* REQUIREMENT *
Please return the listing exactly as it stands, skipping any pictures.

* RECORDED DATA *
· · · ·

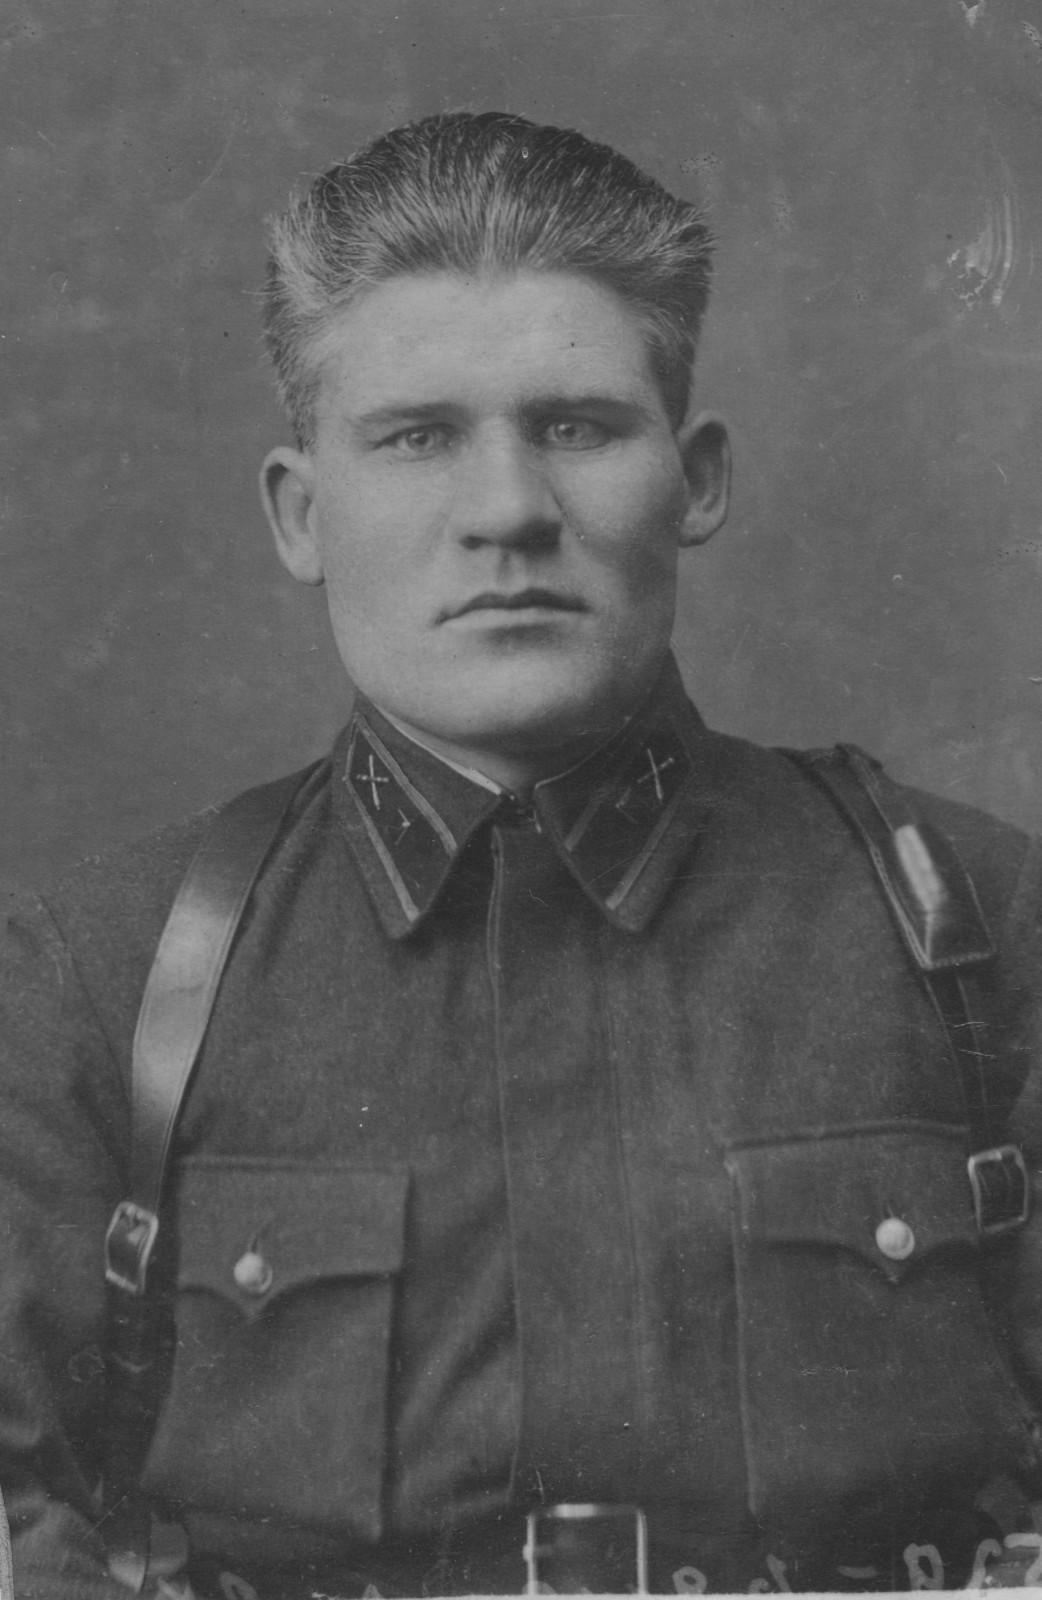 Дуров Н.А. 1939. Фото из архива Крышова С.И.
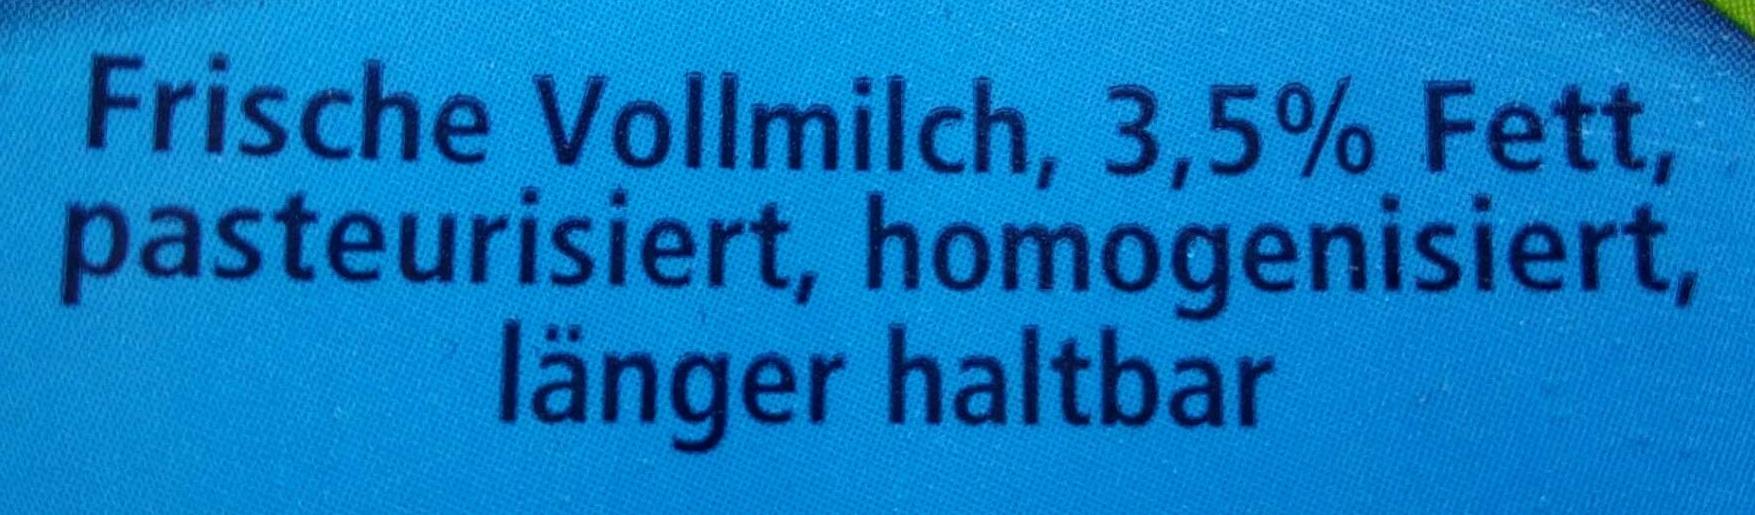 Frische Vollmilch 3,5% Fett - Ingrédients - de
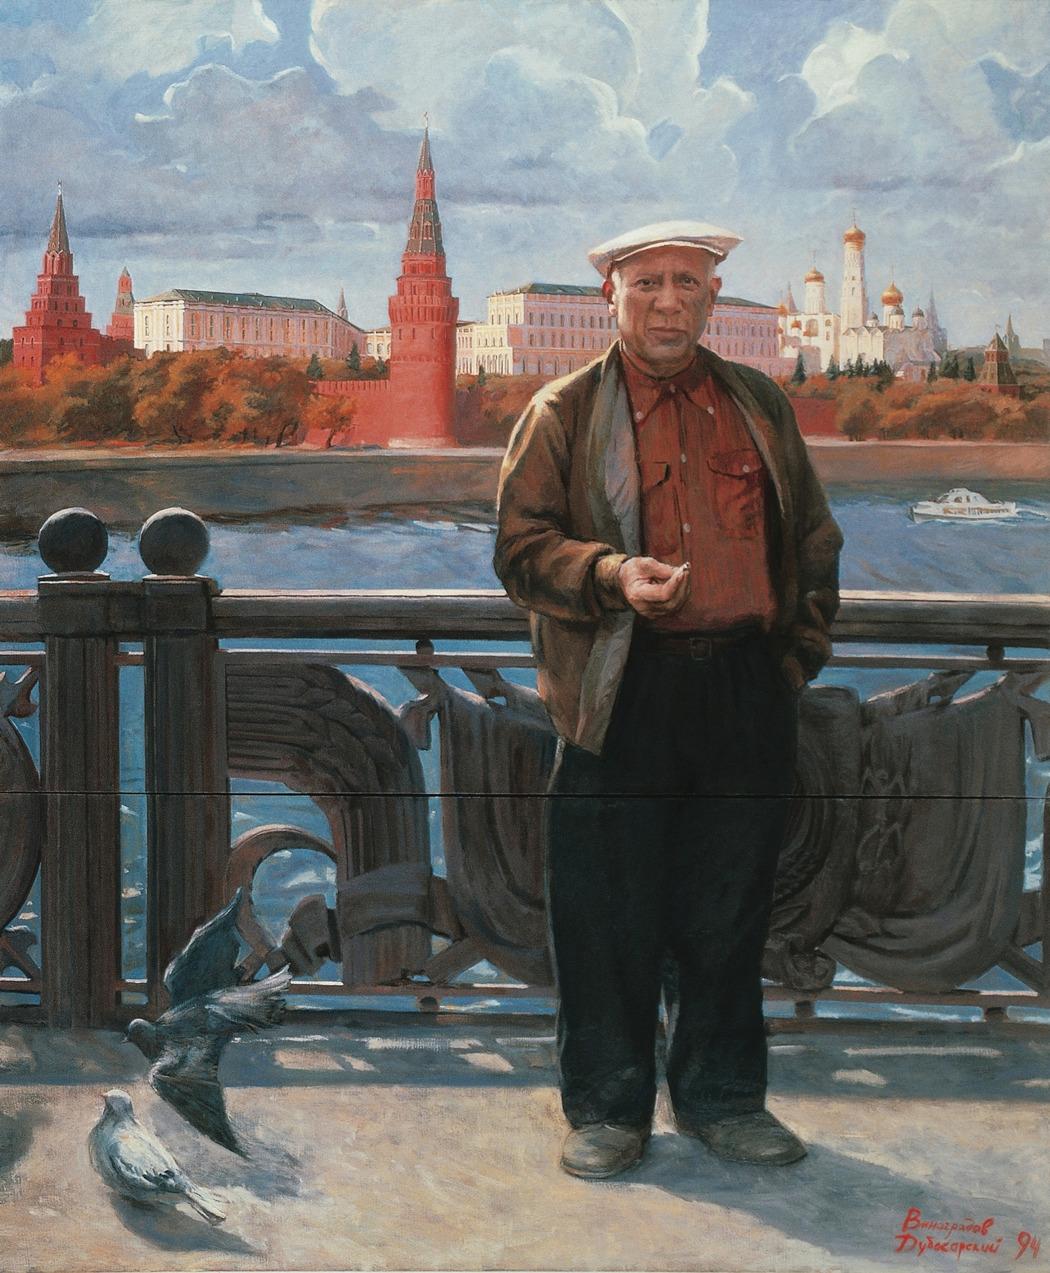 «Пикассо в Москве». Александр Виноградов и Владимир Дубосарский, 1994 г.
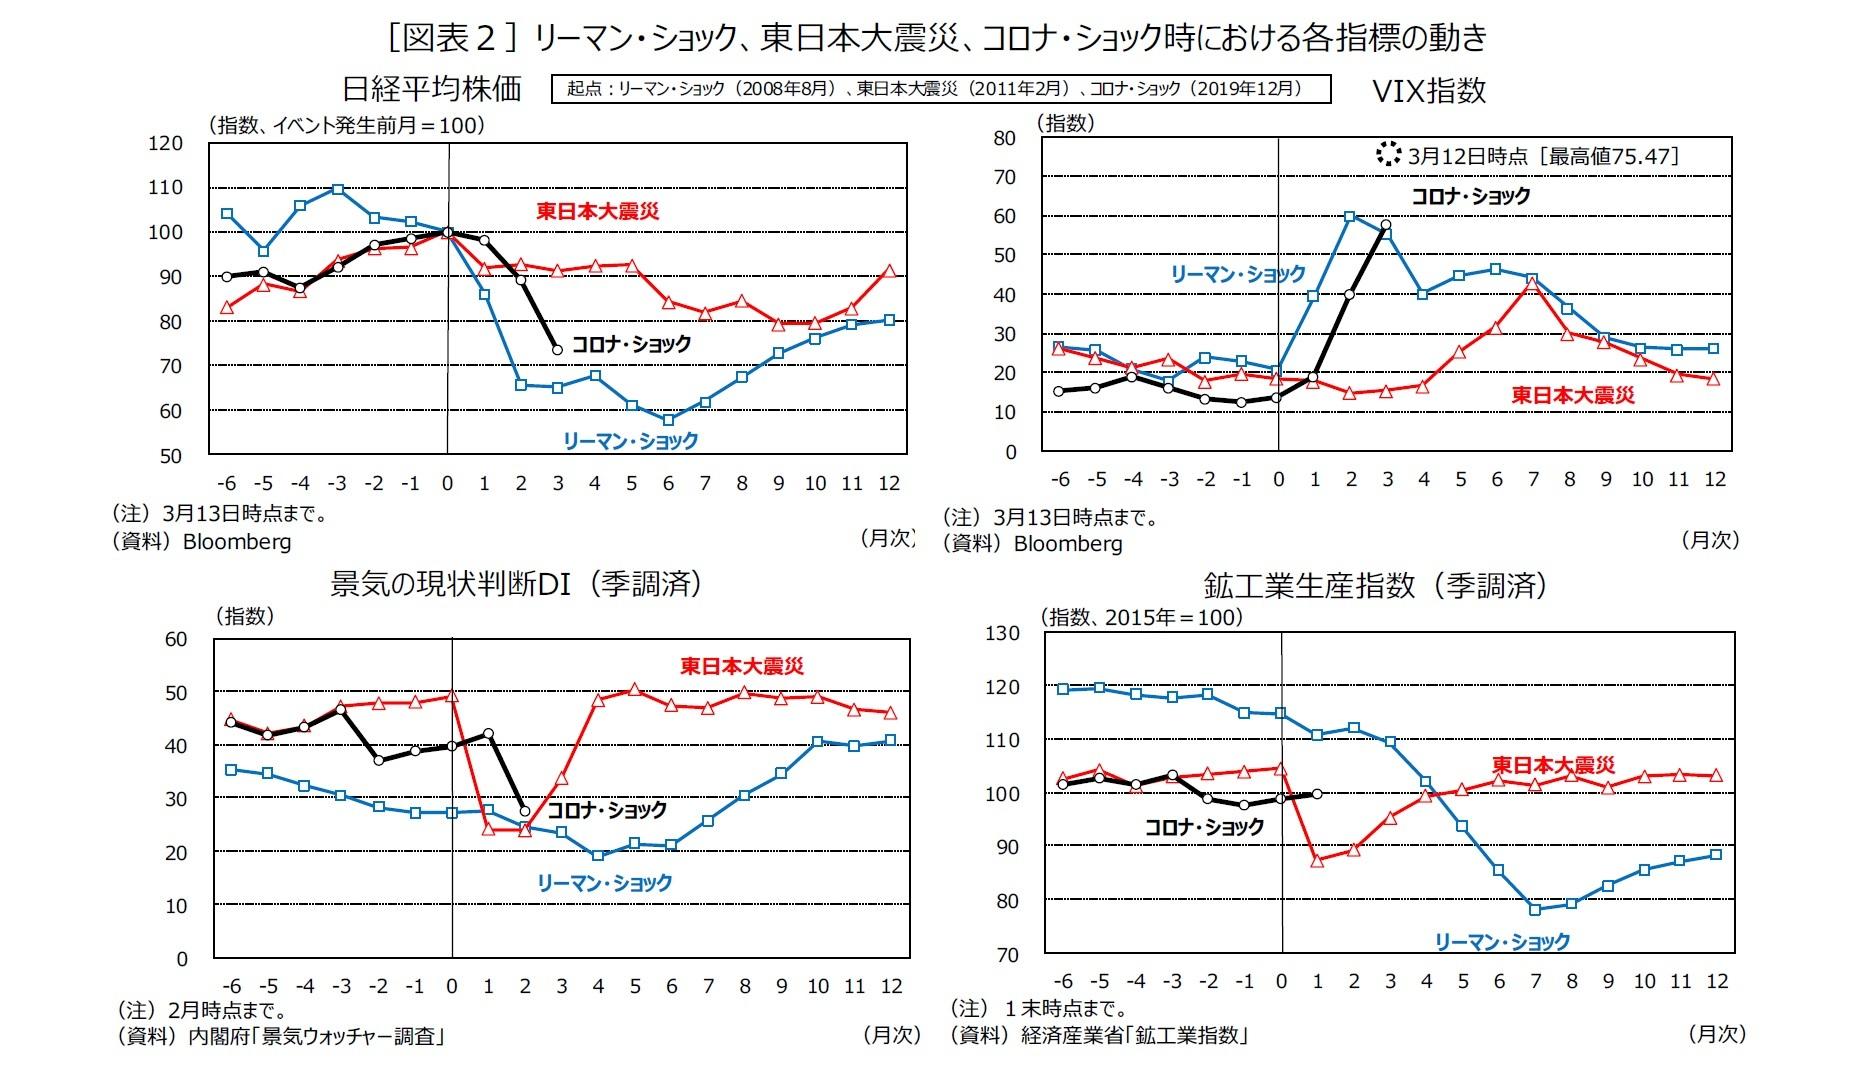 [図表2]リーマン・ショック、東日本大震災、コロナ・ショック時における各指標の動き

· · · ·

* RESPONSE BOX *
 Дуров Н.А. 1939. Фото из архива Крышова С.И.
 Frische Vollmilch 3,5% Fett - Ingrédients - de
 «Пикассо в Москве». Александр Виноградов и Владимир Дубосарский, 1994 г.
 [図表2]リーマン・ショック、東日本大震災、コロナ・ショック時における各指標の動き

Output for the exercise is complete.